Researchers from the University of Oxford are actively exploring ways to curb AI hallucinations. A new study published in Nature outlines a method to detect when AI-generated answers might be incorrect. The researchers focus on a specific type of hallucination known as confabulation, where the AI gives varied wrong answers to the same question. The method involves asking the AI multiple times to respond to the same prompt and then using another AI model to cluster these responses based on their meanings, a technique known as semantic entropy. If the answers vary significantly, indicating high semantic entropy, they are likely hallucinations. This approach has shown to be 79% effective in identifying incorrect AI responses, outperforming other methods like “naive entropy” and “embedding regression.”
Sebastian Farquhar, a senior research fellow at Oxford University’s department of computer science, shared that this approach would have saved the lawyer who was fined for relying on a ChatGPT hallucination. The lawyer had used ChatGPT to draft a court filing, which included fictitious citations, resulting in a $5,000 fine. Farquhar’s team believes their method can drastically reduce such incidents by providing a means to gauge the reliability of AI outputs.
However, not all experts are convinced of the immediate effectiveness of this approach. Arvind Narayanan, a professor of computer science at Princeton University, acknowledged the study’s merit but advised caution. He pointed out that while the method shows promise, integrating it into real-world applications could be challenging. Narayanan also noted that hallucination rates have generally declined with the release of better models but believes that the issue is intrinsic to how large language models (LLMs) function and might never be fully eradicated.
The Oxford researchers’ strategy is to use one AI model to check the consistency of another. They ask the generative AI to produce multiple answers to the same question, then use a second AI model to assess the similarity of these responses, clustering them based on their meanings. High variation in answers, or high semantic entropy, signals a hallucination. This method doesn’t rely on subject-specific training data, making it versatile across different topics.

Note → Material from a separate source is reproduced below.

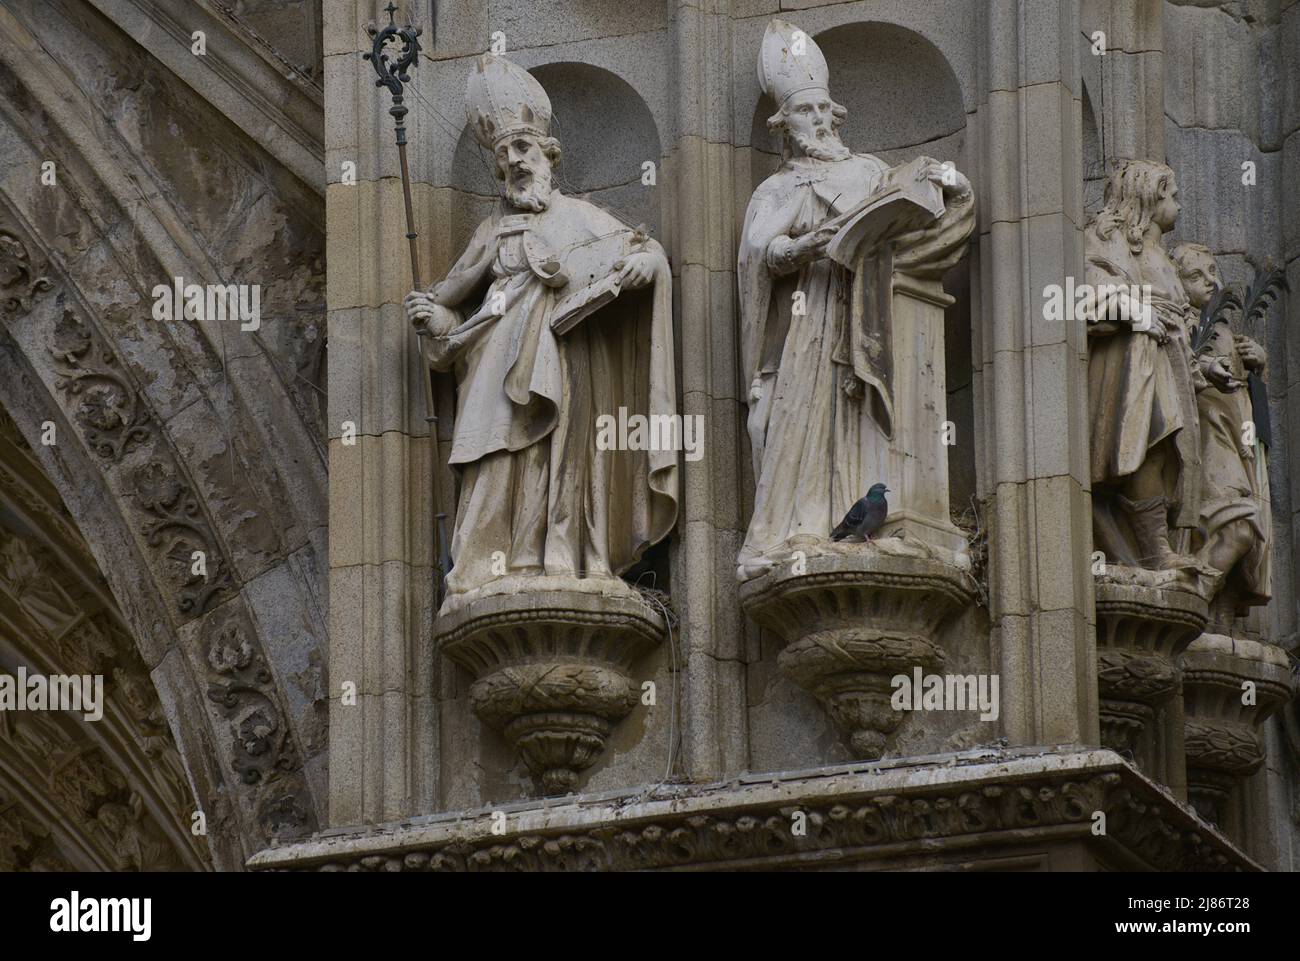 Spanien, Kastilien-La Mancha, Toledo. Kathedrale der Heiligen Maria. Erbaut im gotischen Stil zwischen 1227 und 1493. Skulpturen von Bischöfen und herausragenden Figuren an der Hauptfassade (auf einer Seite der Tür der Vergebung). Stockfoto

For instance, when asked about the largest moon in the solar system, a hallucinating AI might give inconsistent answers like “Titan” and “Ganymede.” The Oxford method’s second AI would cluster these responses and flag the inconsistency as a likely hallucination. This technique is particularly useful because it identifies when the AI is “confabulating,” offering varied incorrect answers rather than consistent ones.
The efficacy of this method was demonstrated with real-world examples, such as detecting inconsistencies in narratives about Freddie Frith, a renowned motorcycle racer. When asked multiple times, the AI provided different birth dates for Frith, which were successfully flagged by the Oxford method. This capability is crucial for applications in high-stakes environments, such as legal or medical fields, where incorrect information can have severe consequences.
Despite the method’s promise, it’s not without its limitations. The computational cost is high, and it requires significantly more processing power than standard AI operations. Moreover, this method only addresses one type of hallucination — confabulations — and doesn’t cover others like consistent inaccuracies due to flawed training data.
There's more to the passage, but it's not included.